> **Requirement**:
The listing below holds pictures; exclude them. Return exactly the lines from the one with "the doberman is sitting on the grass" through the one with "Photo of A bride".

─── Entries supplied ───

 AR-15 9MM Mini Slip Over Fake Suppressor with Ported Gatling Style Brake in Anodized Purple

───
─── Entries supplied ───

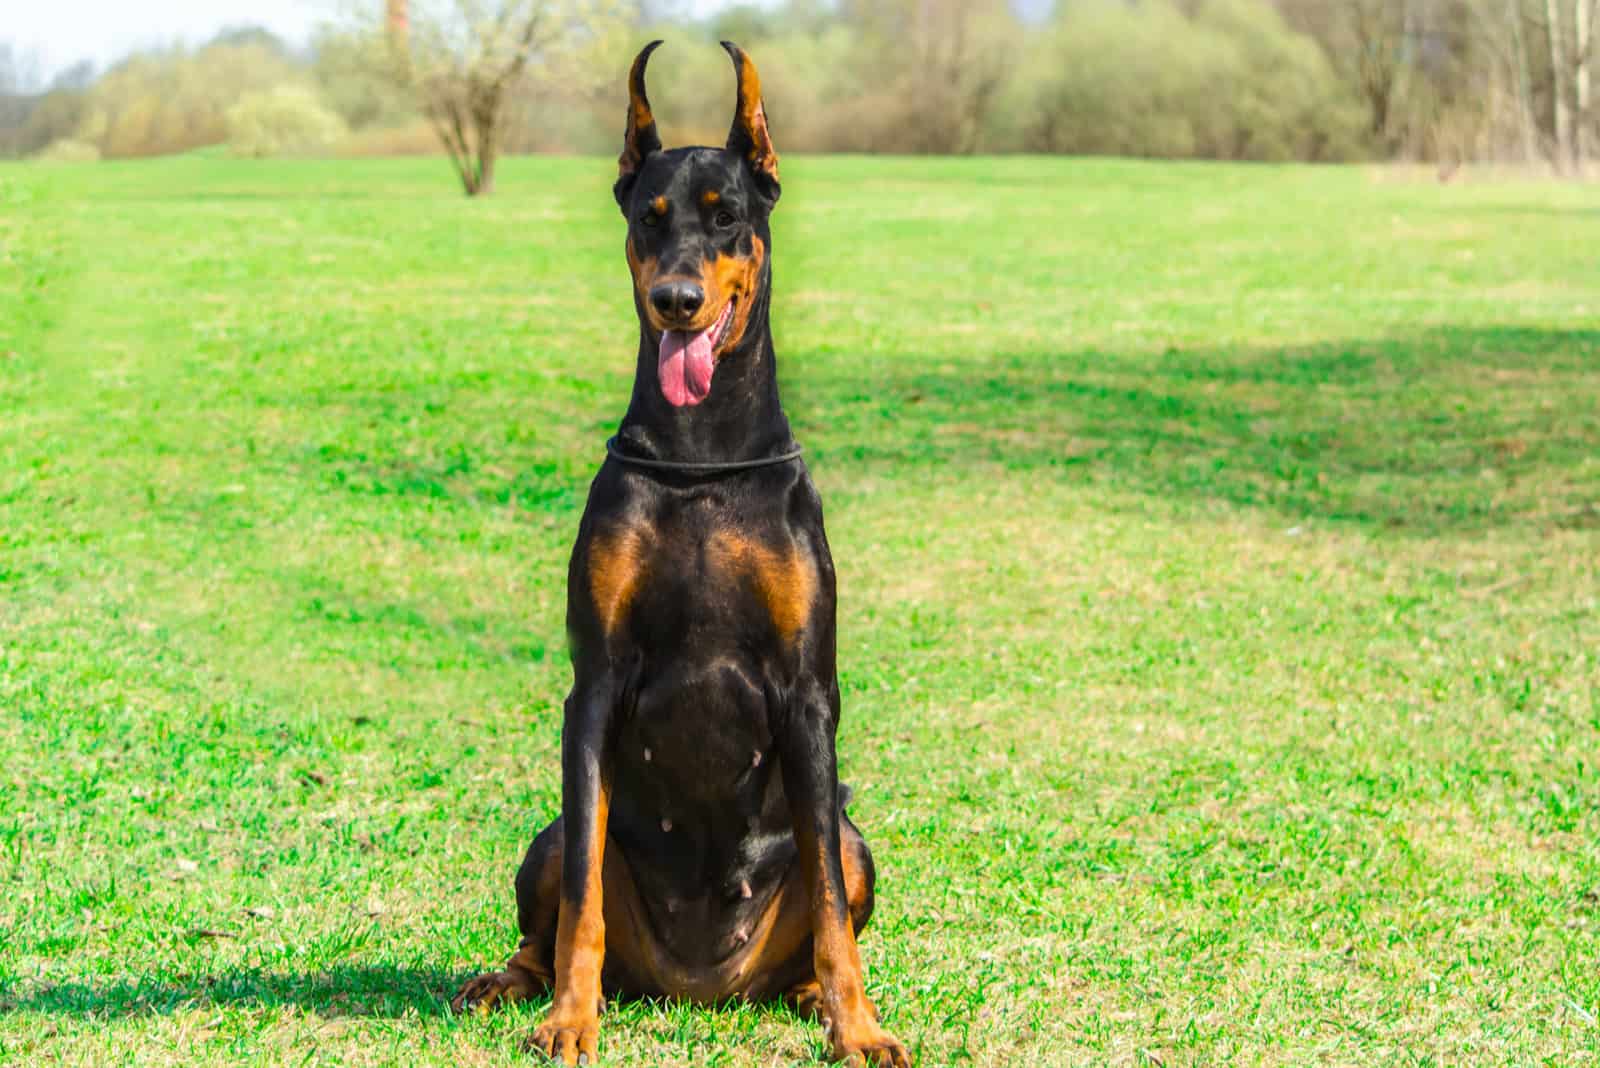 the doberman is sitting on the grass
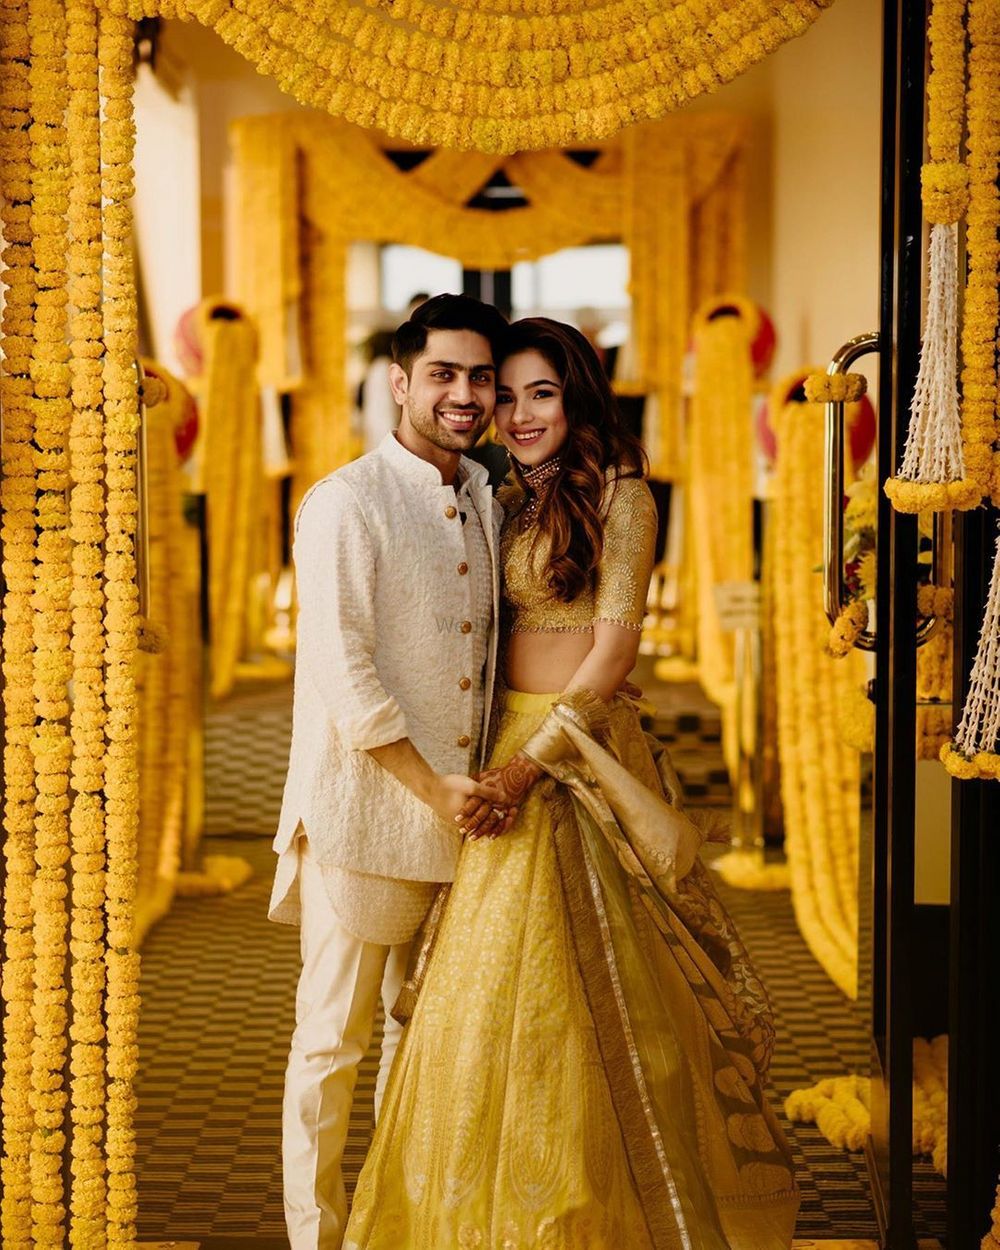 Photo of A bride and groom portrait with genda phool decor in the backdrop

───
─── Entries supplied ───

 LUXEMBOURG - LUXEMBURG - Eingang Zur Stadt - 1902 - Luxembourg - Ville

───

> **Final answer**:
 the doberman is sitting on the grass
 Photo of A bride and groom portrait with genda phool decor in the backdrop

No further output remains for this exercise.